Of course, you can combine both splitting and multipling to obtain an array of splitted MESH instances.

FDS enforces strict rules on MESH instances alignment. In the following example, you see a fine and a coarse MESH sharing a border. The fine cells of the same MESH should always completely cover each coarse one.

The MESH instances generated by BlenderFDS by splitting or multipling the same Blender Object are always correctly aligned.

But if you need to align MESH namelists generated from different Objects, BlenderFDS offers an Align To operator in the sidebar, that aligns the currently selected MESH to a reference one, by moving and resizing the selected MESH and updating its cell size, when needed. The alignment is performed only if they share common borders or the border is at snapping distance.

The current FDS constraints make the alignment not always possible. The operator tries to conserve as much as possible the overall size and the cell size of the reference MESH, too, but you can choose to allow updating those sizes, too.

If you would like to have FDS check the alignment without running the full case, set the parameter CHECK_MESH_ALIGNMENT=T to any MESH line. If the job stops with no errors, the meshes obey the alignment rules. This check can sometimes take a few tens of seconds, but you can open Smokeview after launching the job to check the alignment by eye.

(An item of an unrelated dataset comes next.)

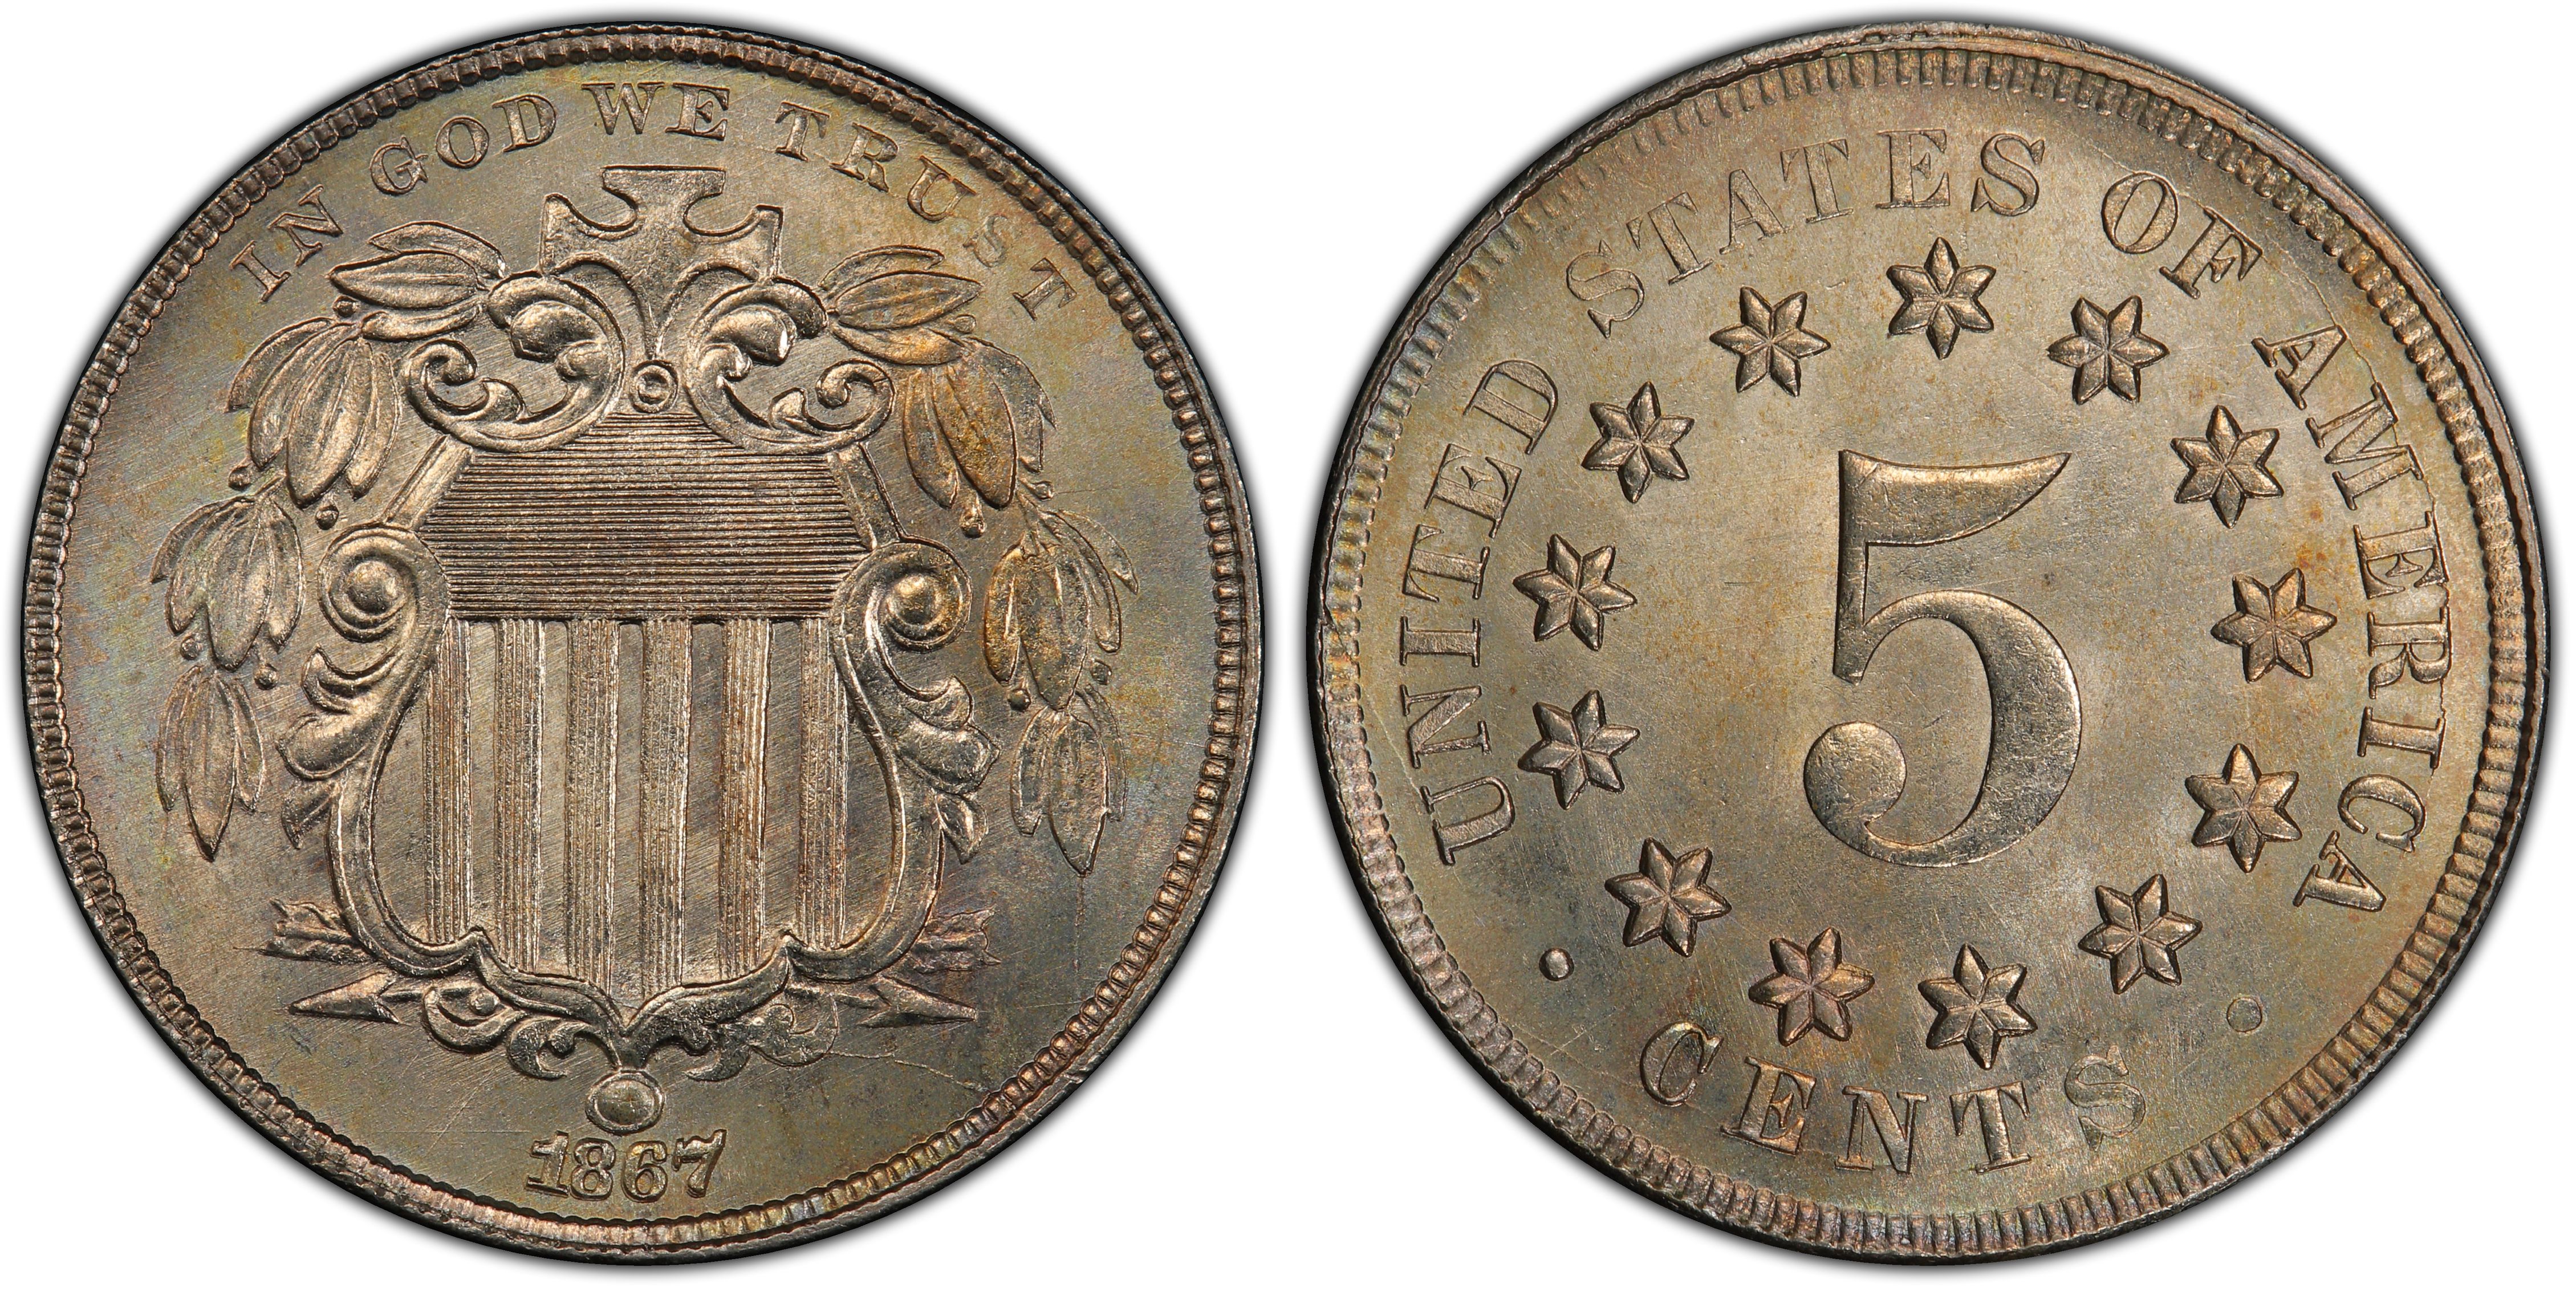 1867 5C No Rays (Regular Strike) - PCGS CoinFacts

If you switch on the MPI_PROCESS parameter in the FDS Case Config panel and set the number of processes you wish to dedicate to the FDS run, all the MESH lines of your FDS cases will have the MPI_PROCESS number assigned.

BlenderFDS tries to evenly distribute the load between the MPI processes, as much as possible. By using a simple first-fit bin pack algorithm the MESH lines are assigned to the available MPI processes, according to their cell quantity.

The following picture shows an example of the algorithm sorting the MESH instances by cell quantity (colored boxes) and evenly distributing them on the 4 processes.

In the same FDS Case Config panel you can also setup the number of OpenMP Threads, that are going to be used when performing FDS computations from BlenderFDS, as described in the Run FDS wiki page.